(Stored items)

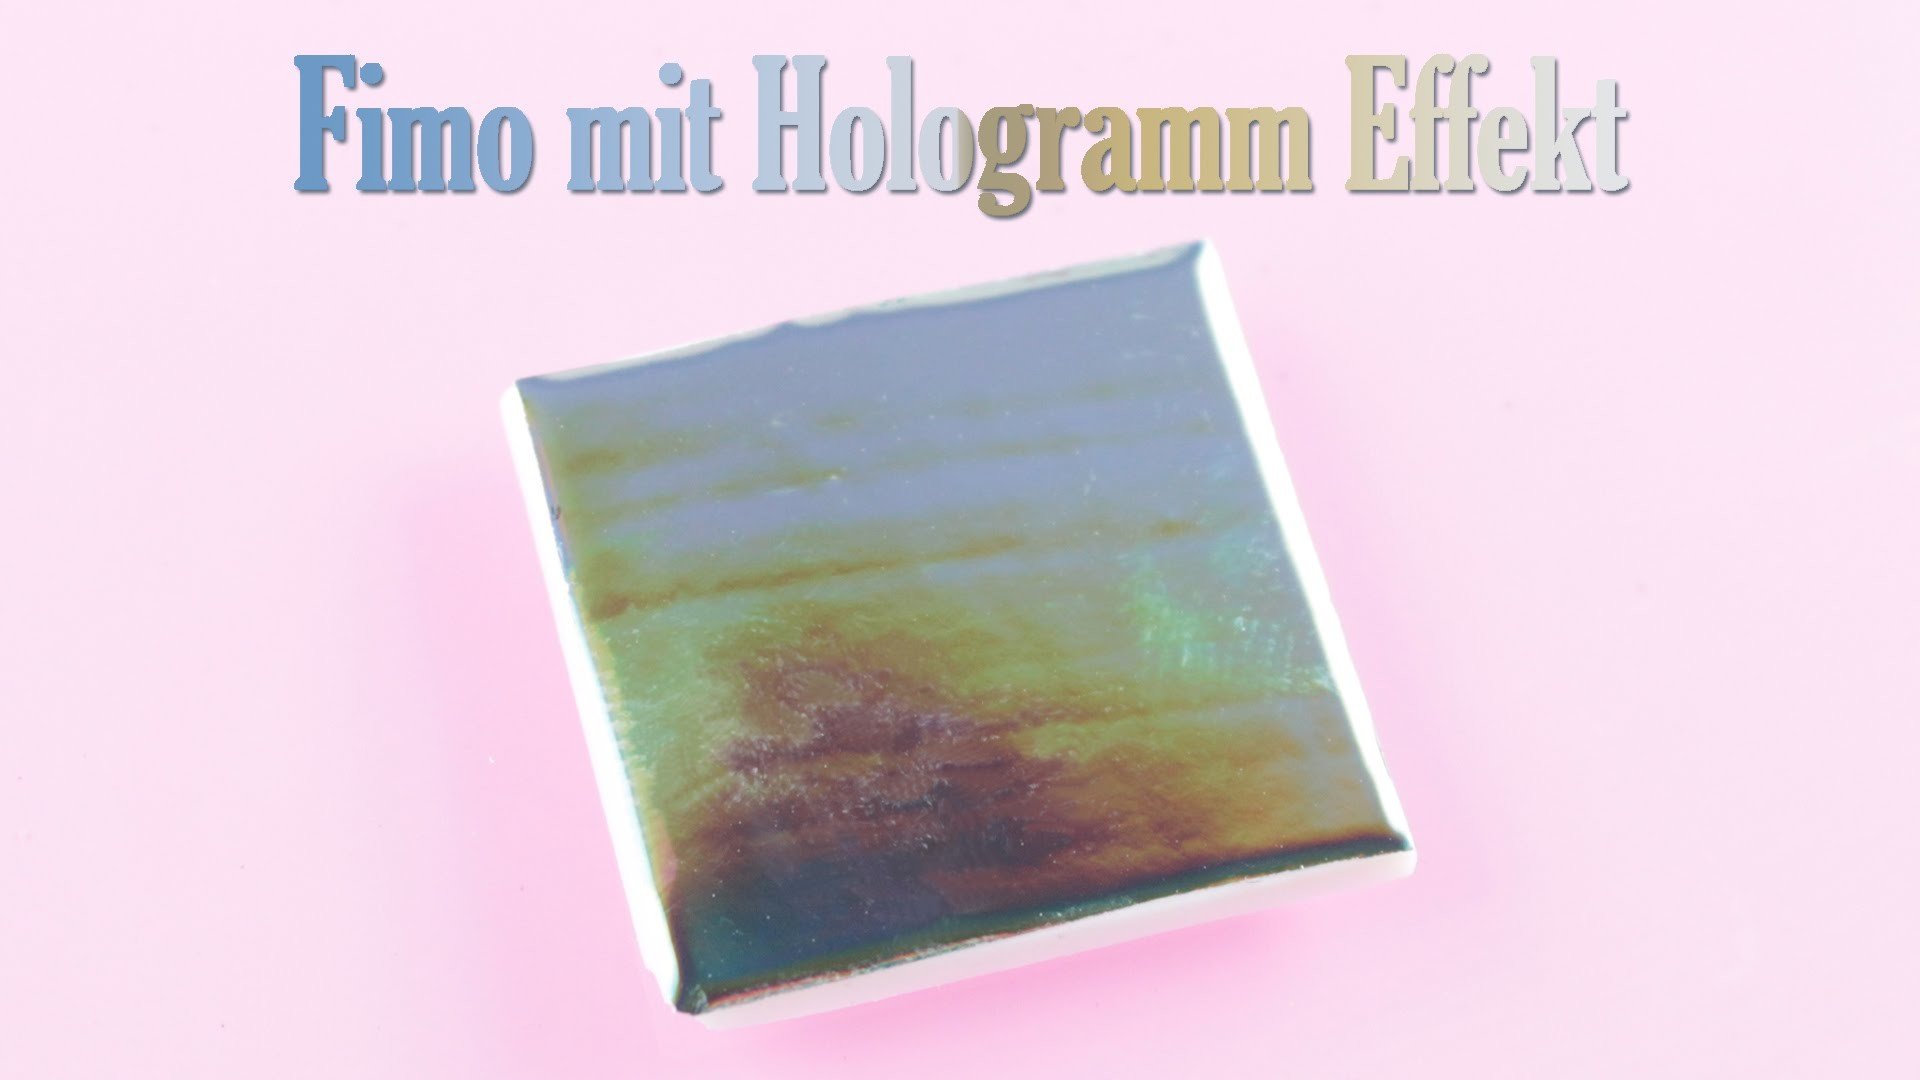 [Fimo Friday] Fimo mit Hologramm Effekt | Polymer Clay | Anielas Fimo
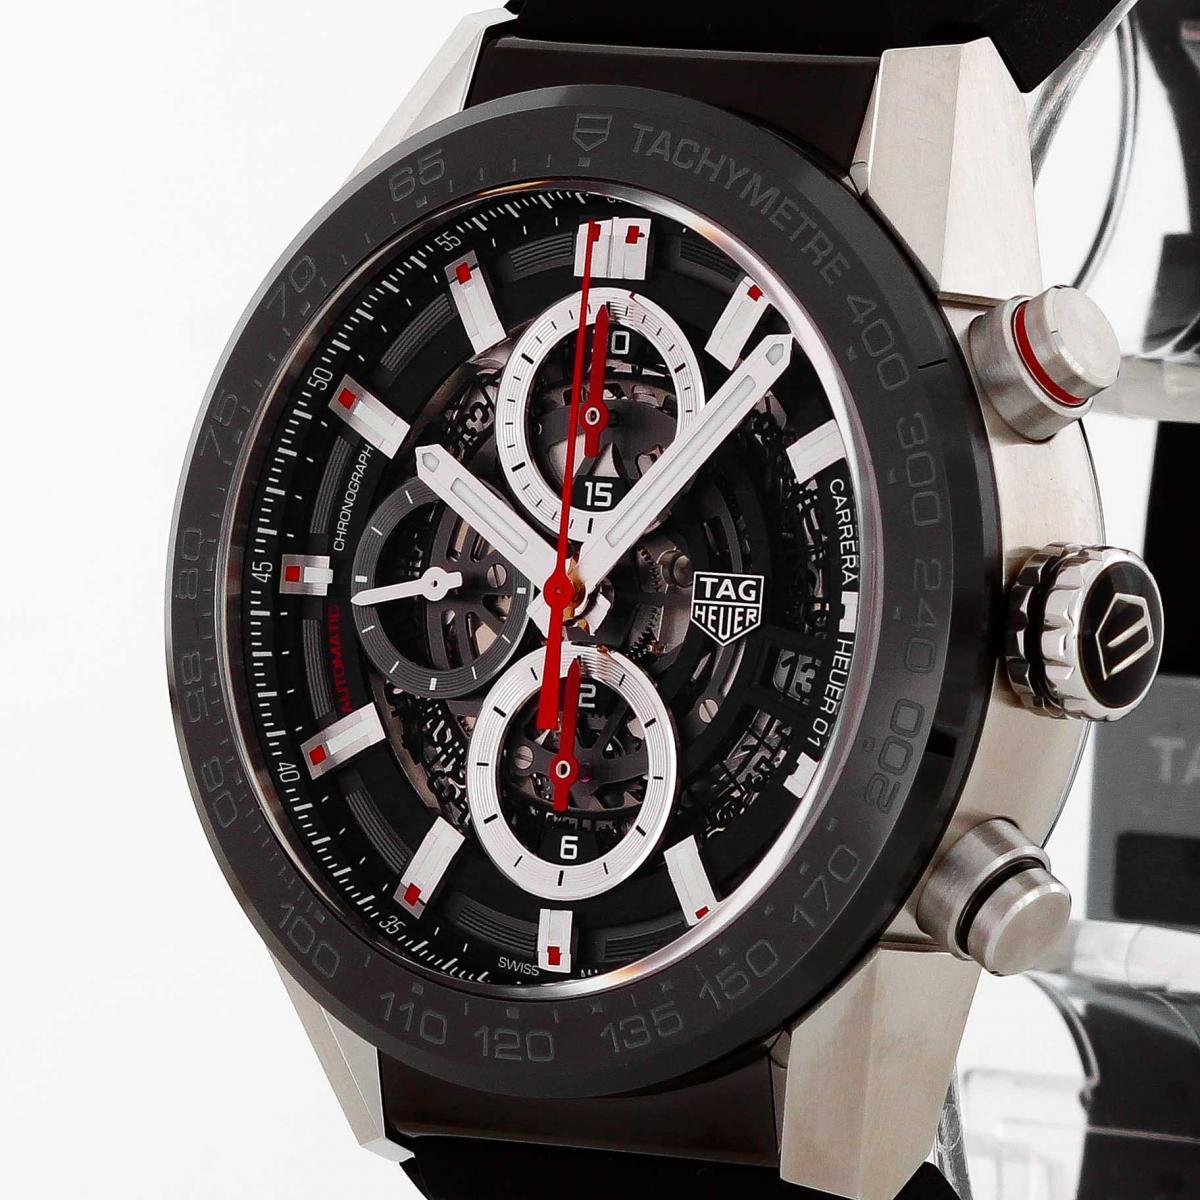 TAG Heuer Carrera Chronograph Calibre Heuer 01 Edelstahl an Kautschuk CAR201V.FT6046
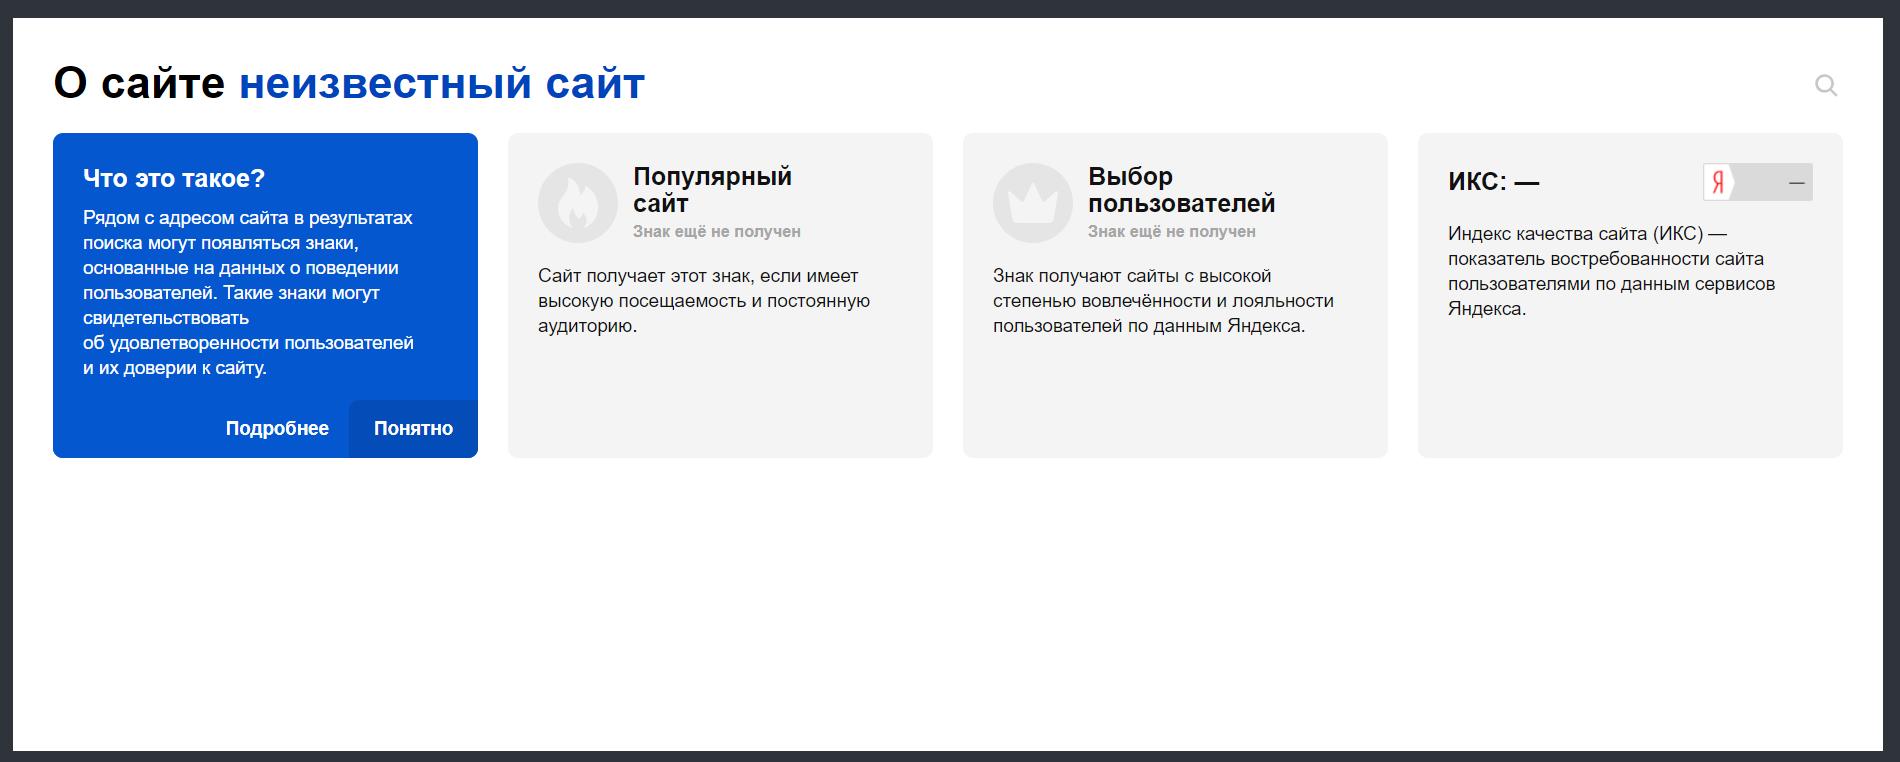 Яндекс значки для сайта
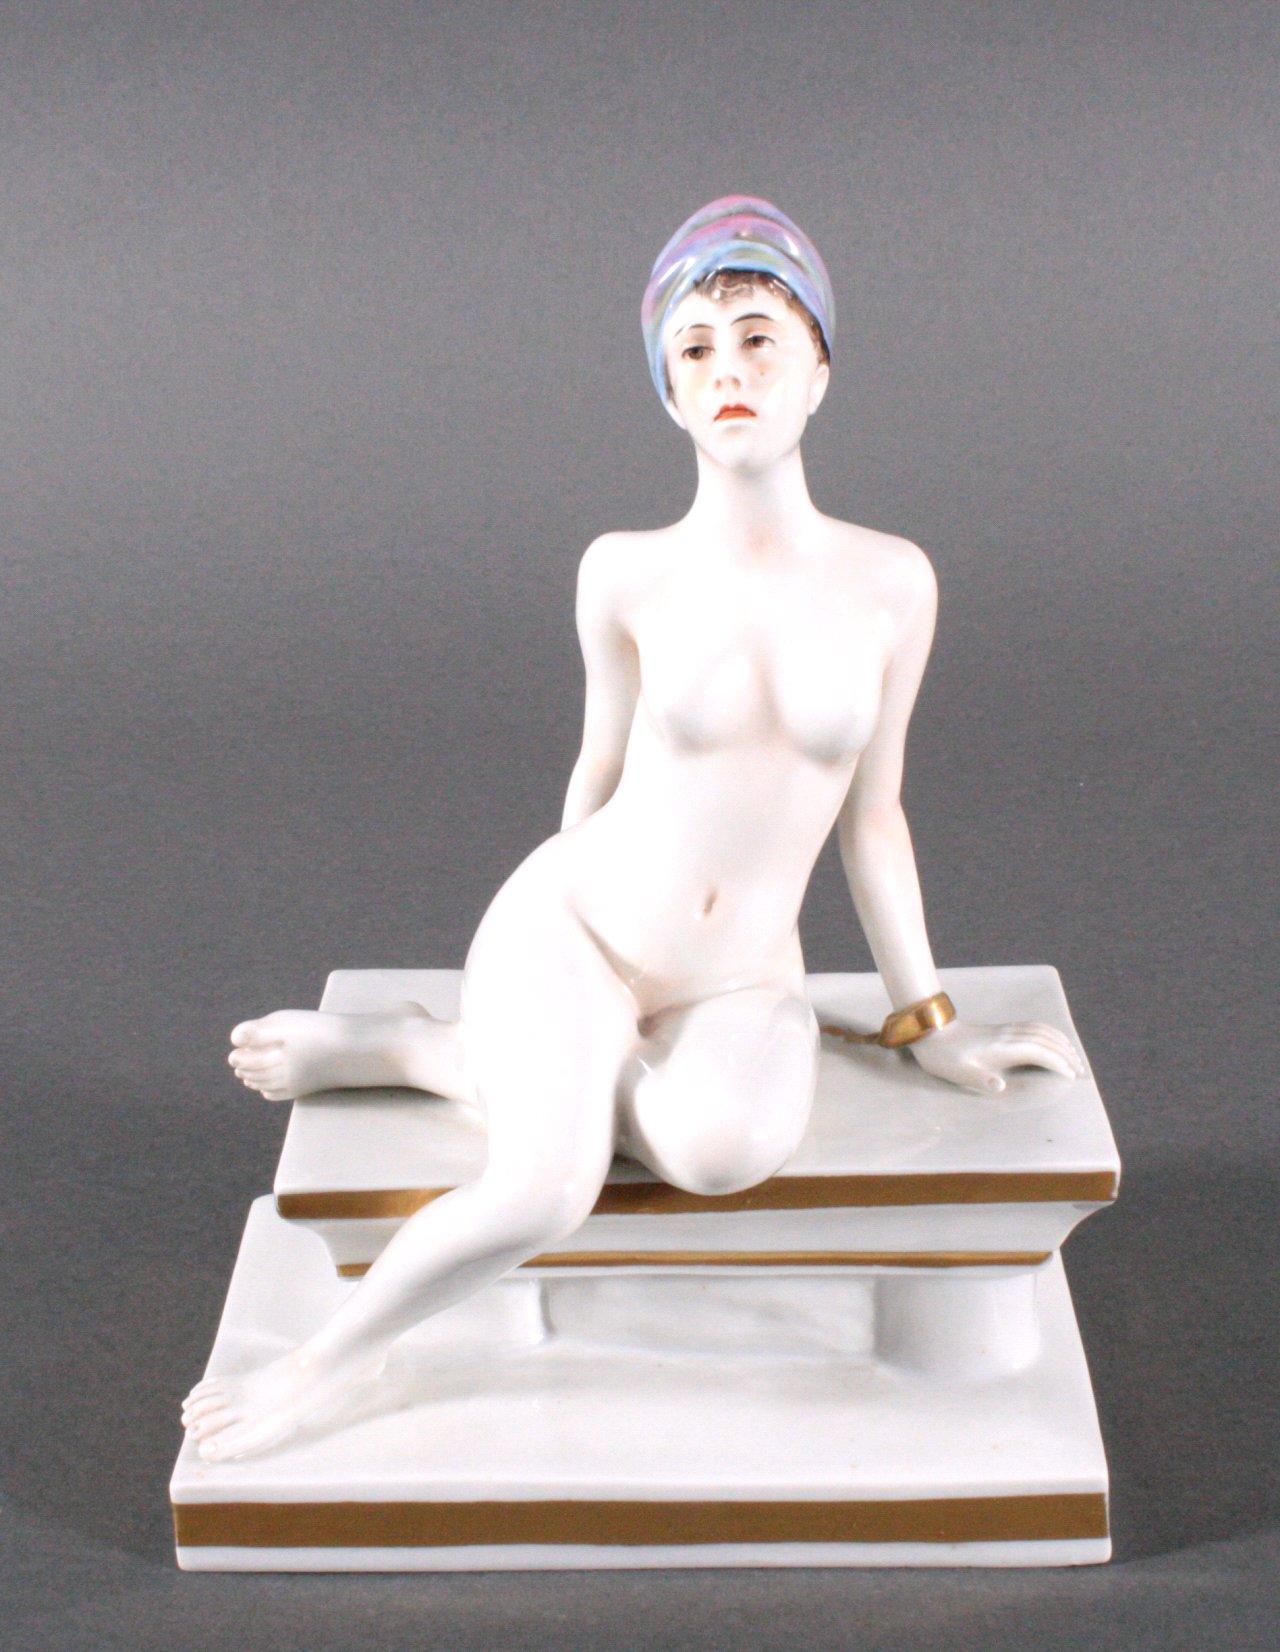 Porzellan-Skulptur, Aelteste Vokstedter.
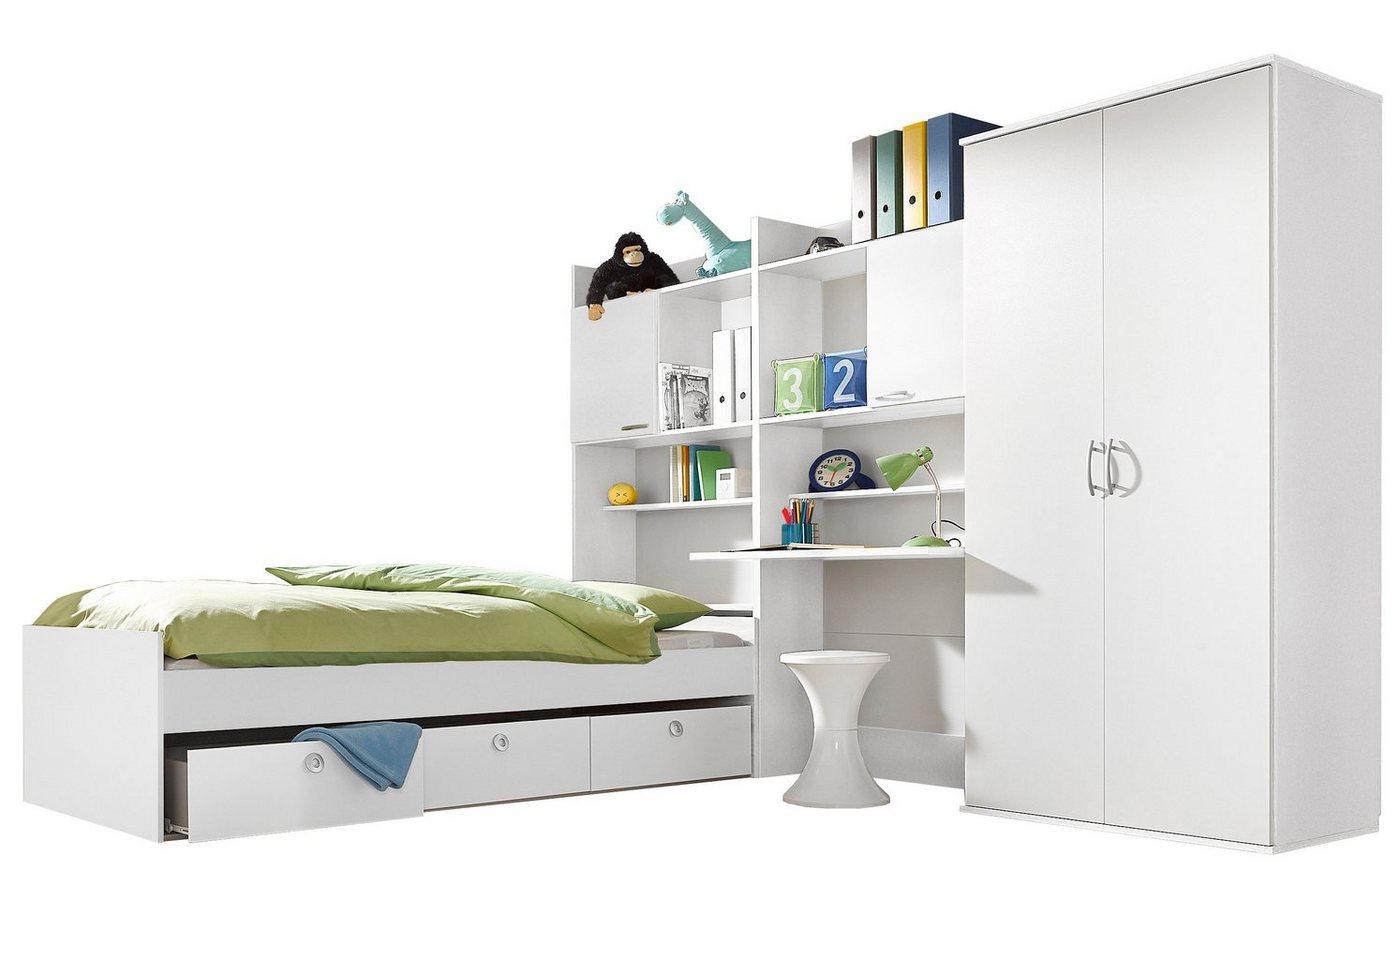 w rter suchen r tsel nummer 829 kostenlos online l sen. Black Bedroom Furniture Sets. Home Design Ideas

**EXERCISE GOAL**
Although the records contain pictures, only their text should be repeated, exactly as it appears.

**TASK RESULT**
 [Fimo Friday] Fimo mit Hologramm Effekt | Polymer Clay | Anielas Fimo
 TAG Heuer Carrera Chronograph Calibre Heuer 01 Edelstahl an Kautschuk CAR201V.FT6046
 Яндекс значки для сайта
 Porzellan-Skulptur, Aelteste Vokstedter.
 w rter suchen r tsel nummer 829 kostenlos online l sen. Black Bedroom Furniture Sets. Home Design Ideas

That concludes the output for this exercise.